After enduring a six-year legal battle over 2011’s “Margaret,” writer/director Kenneth Lonergan was probably just happy to see his latest movie get a drama-free release, at least comparatively speaking. The subject of an intense bidding war earlier this year at the Sundance Film Festival, “Manchester by the Sea” will almost certainly go down as the most devastating, heart-wrenching drama of 2016. An incredibly moving, intimate and authentic story about a broken man who’s forced to confront his demons, “Manchester by the Sea” is the kind of movie that will absolutely wreck you emotionally, highlighted by an award-worthy performance from Casey Affleck that’s going to be difficult to beat come Oscars night.

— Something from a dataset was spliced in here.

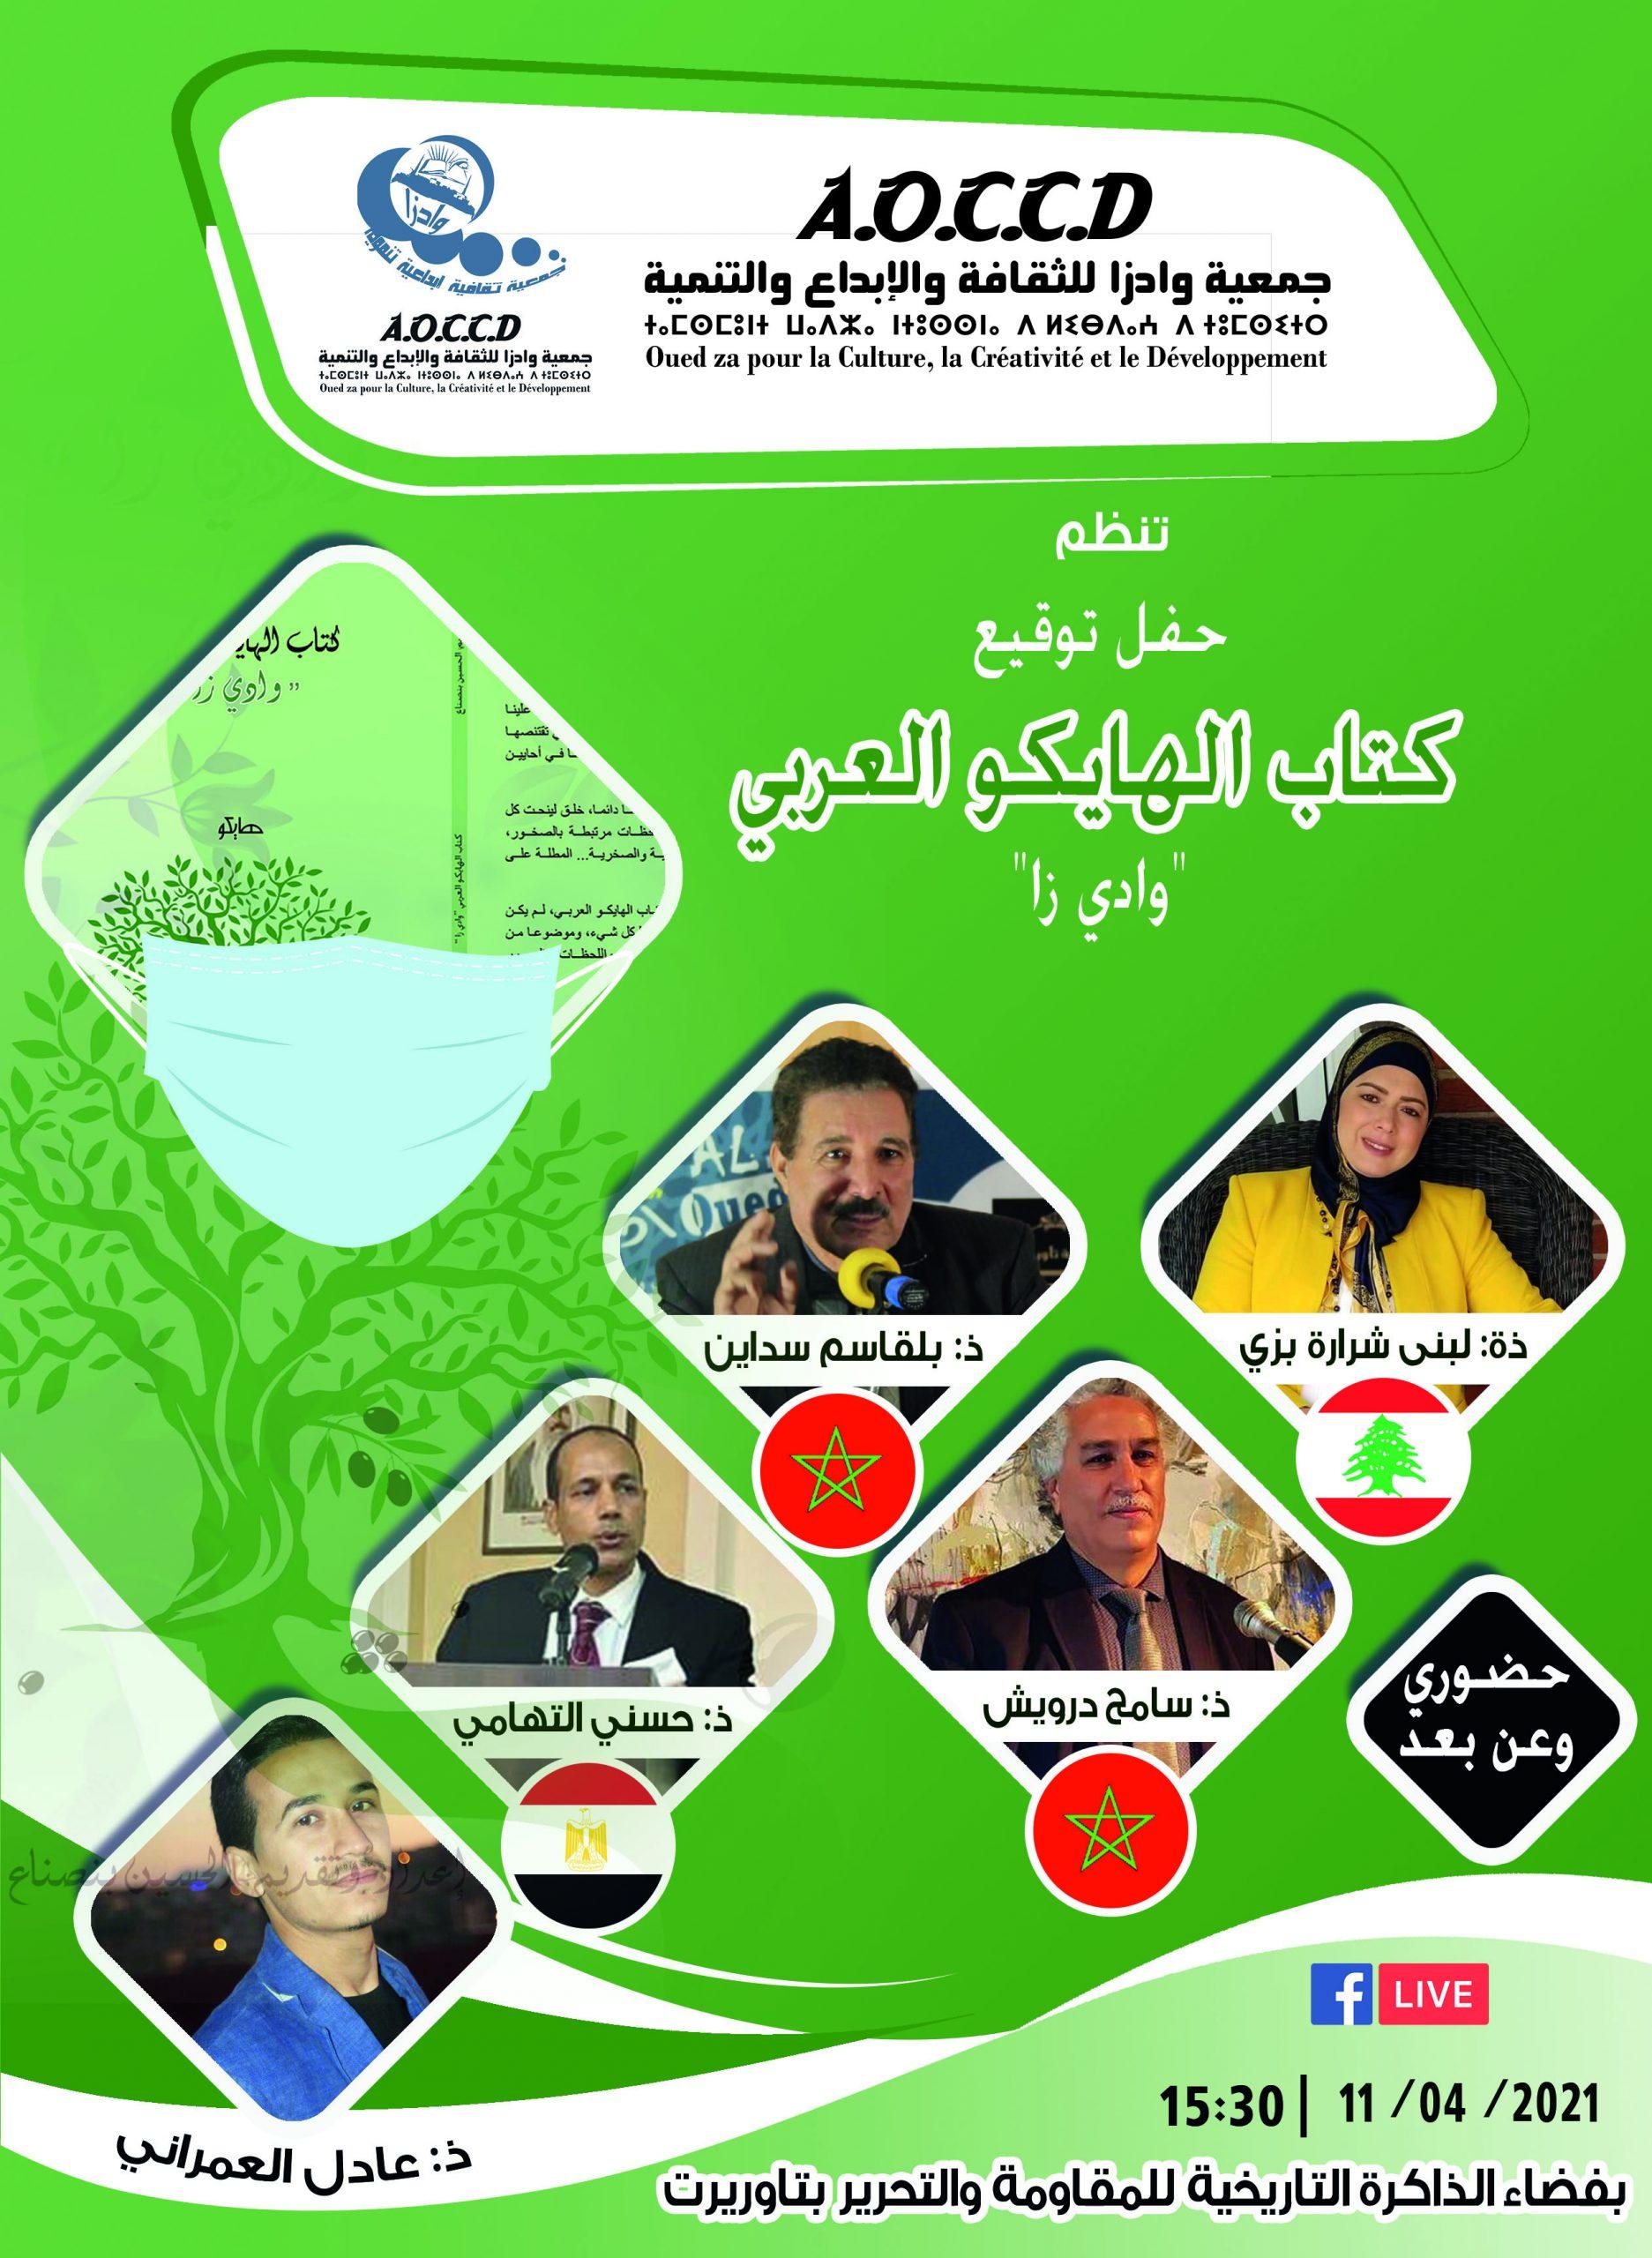 حفل توقيع كتاب الهايكو العربي وادي زا

Affleck stars as Lee Chandler, an unsociable handyman/janitor for an apartment complex in Boston who must return to his hometown of Manchester-by-the-Sea when his older brother Joe (Kyle Chandler) dies from a long-standing congenital heart problem. In addition to handling the funeral arrangements and other minutiae, Lee takes it upon himself to break the news to Joe’s 16-year-old son Patrick (Lucas Hedges), with whom he was once close to before a personal tragedy led him to flee the small fishing village for a life of solitude. But when Lee discovers that Joe has named him as Patrick’s sole guardian and custodian, it comes as a shock to both of them. Though Patrick would rather go live with his estranged mother (Gretchen Mol) than move away from his friends and established life in Manchester, Lee’s tragic past has made it impossible for him to remain in the town that has caused him so much pain.